As is always the case after crossing the Atlantic, our first dilema was whether or not to sleep. We decided that we would try to stay up and headed out to walk along the beach promenade. There is really not much “open” beach in Cannes. The public areas are sequestered at either end of the promenade – everything else is sectioned off and “private”. In other words, you have to book chairs (or a table) to sit/lay on the beach. Many of the sections are owned or run by the hotels which they are in front of. They also have restaurants and bars that can be very loud. We’ve not yet checked into the cost of “chair rentals”, but plan on doing so before we leave.

After walking down the beach and admiring the millions of dollars floating in the Marina, we made our way down what our taxi driver called “a woman’s paradise” (the main shopping street a few blocks behind our hotel). It’s a bit more diverse than the promenade, with shops that mere mortals can actually afford to browse. We didn’t do any browsing, however, as our stomachs were beginning to complain.

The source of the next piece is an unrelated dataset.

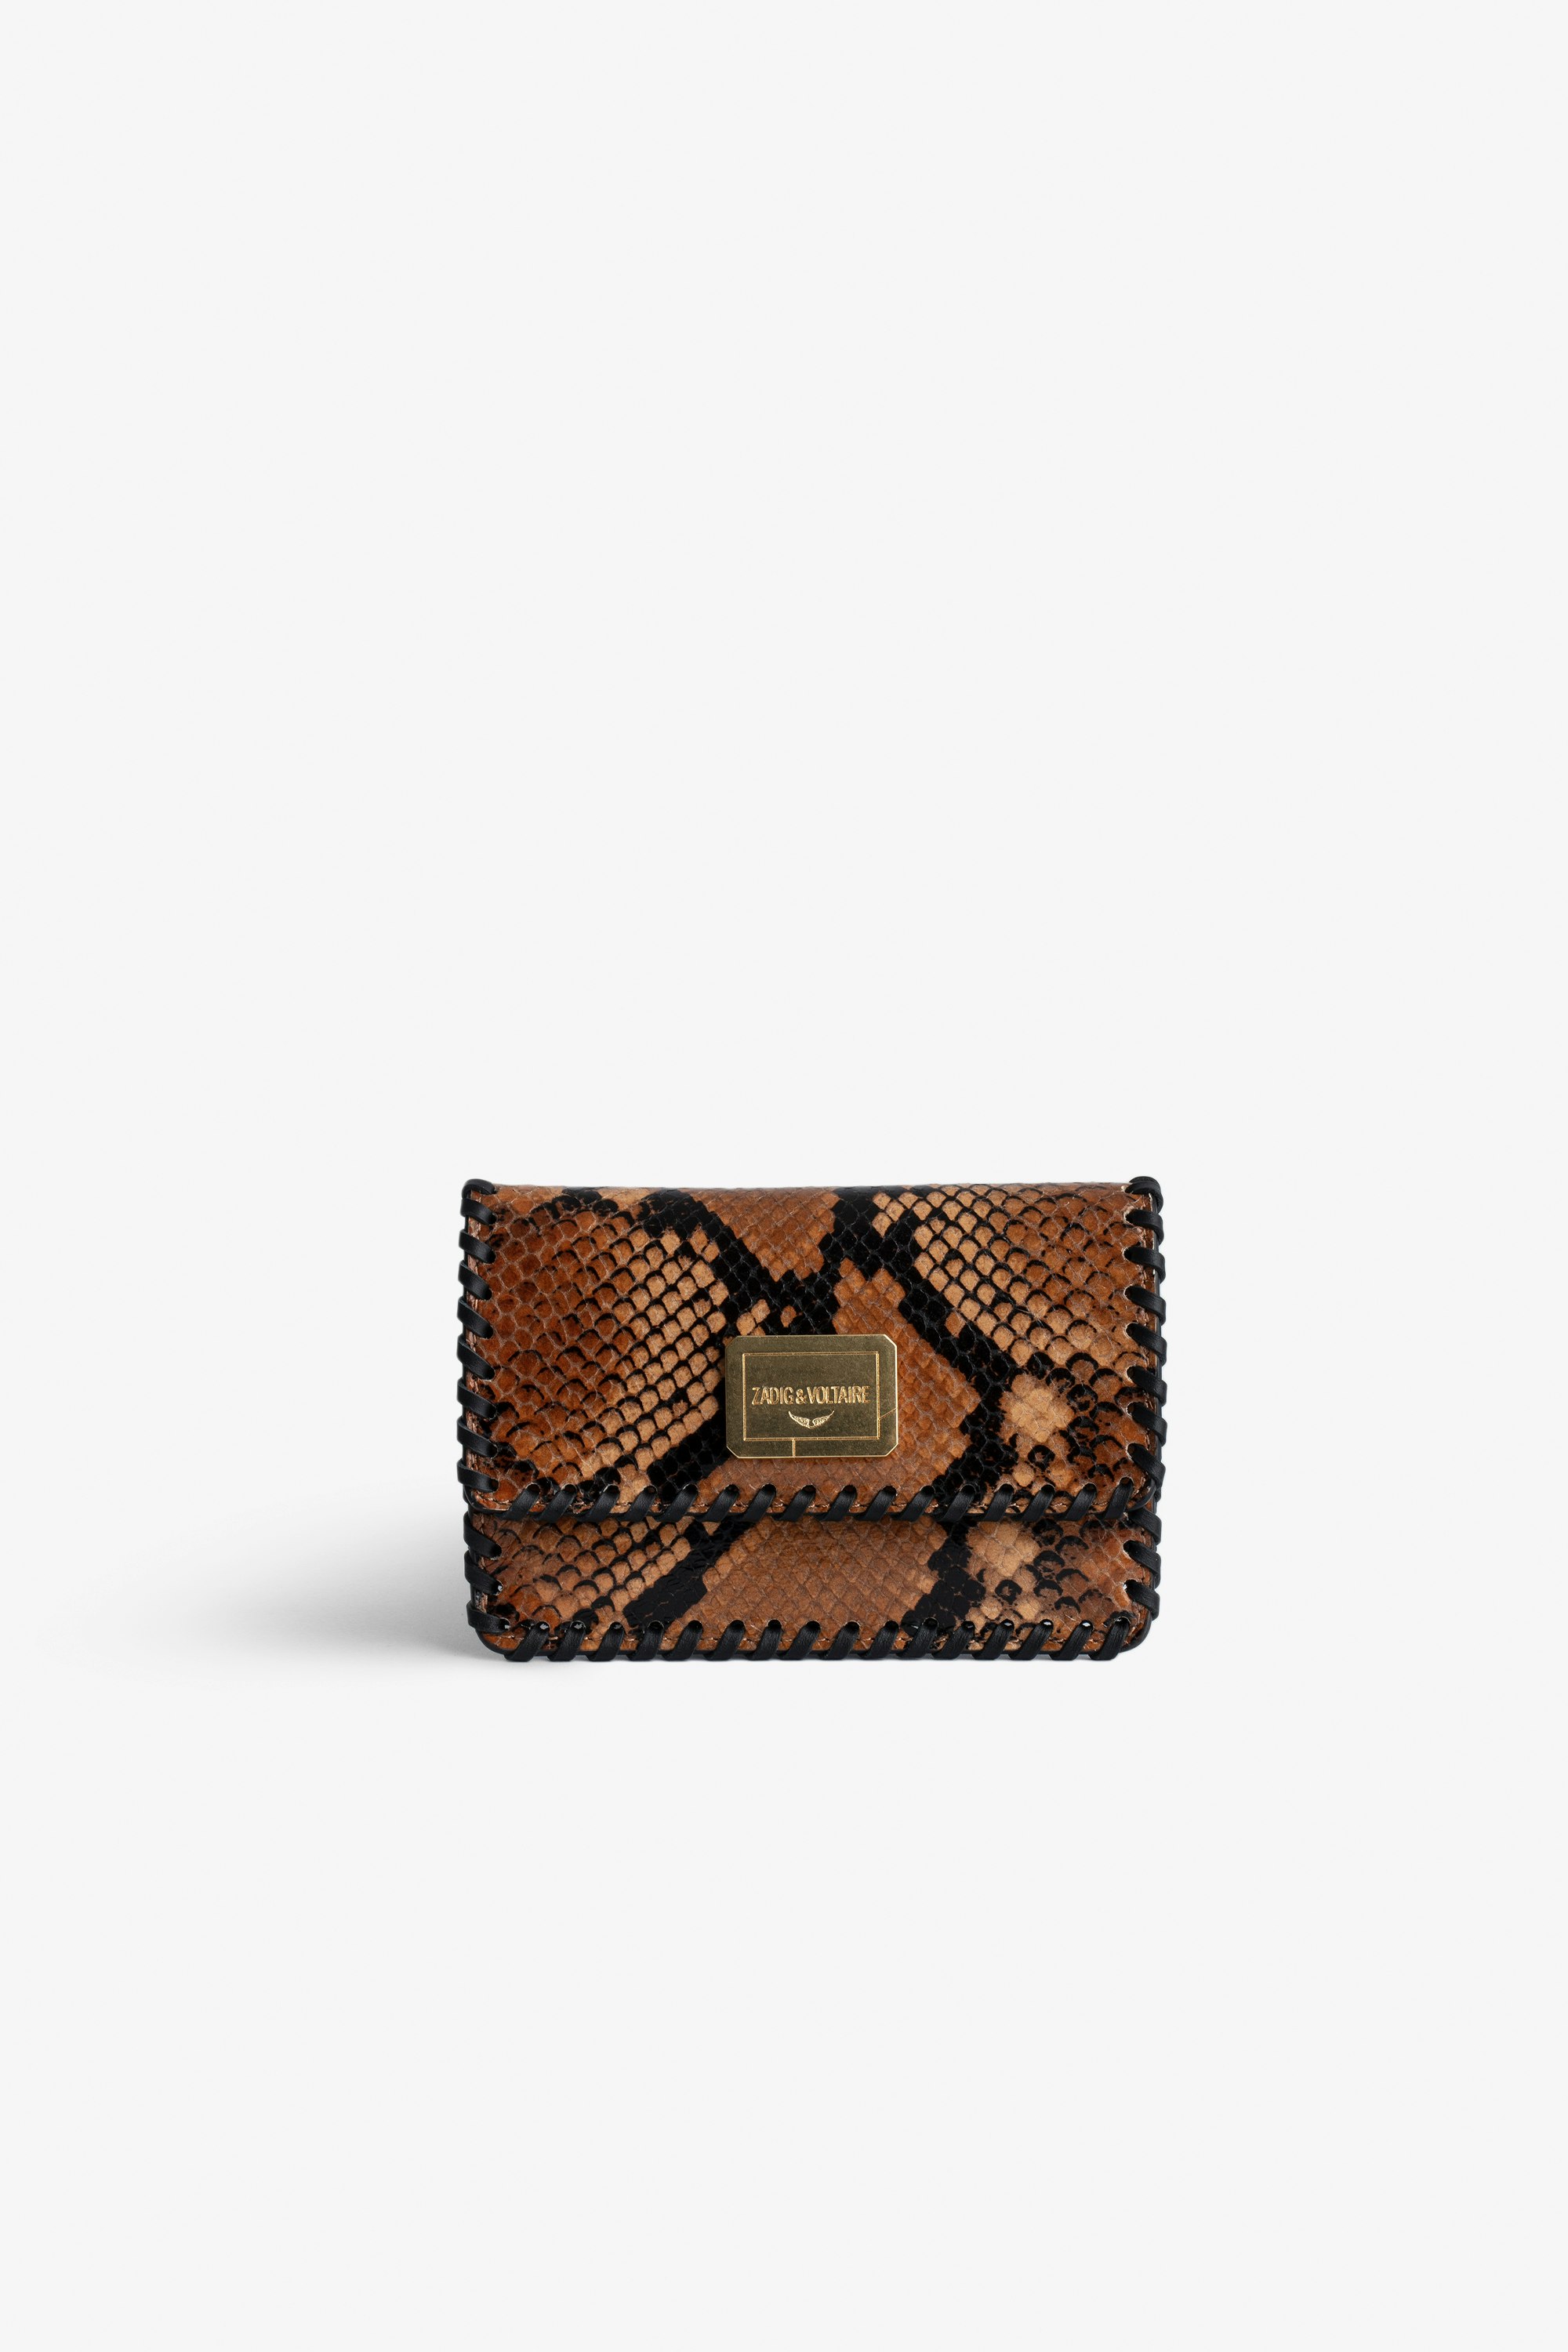 Le Cecilia Wallet Women’s wallet in brown python-effect leather wallet with a ZV gold-tone clasp and braided edges

Unfortunately, in Cannes, restaurants don’t open until 7pm, which we discovered when we stopped at a little Italian trattatoria called La Libera that “looked” open. (Yes, we’re in France, but our stomachs had set their hearts on Italian.) Thankfully they let us sit at a street side table to wait the half an hour until they opened.

We also discovered that, being so close to Italy, the food was authentic and amazingly good. The total damage for two, including a moderately priced (25 Euro) bottle of wine came to 85 Euros – however we didn’t have dessert.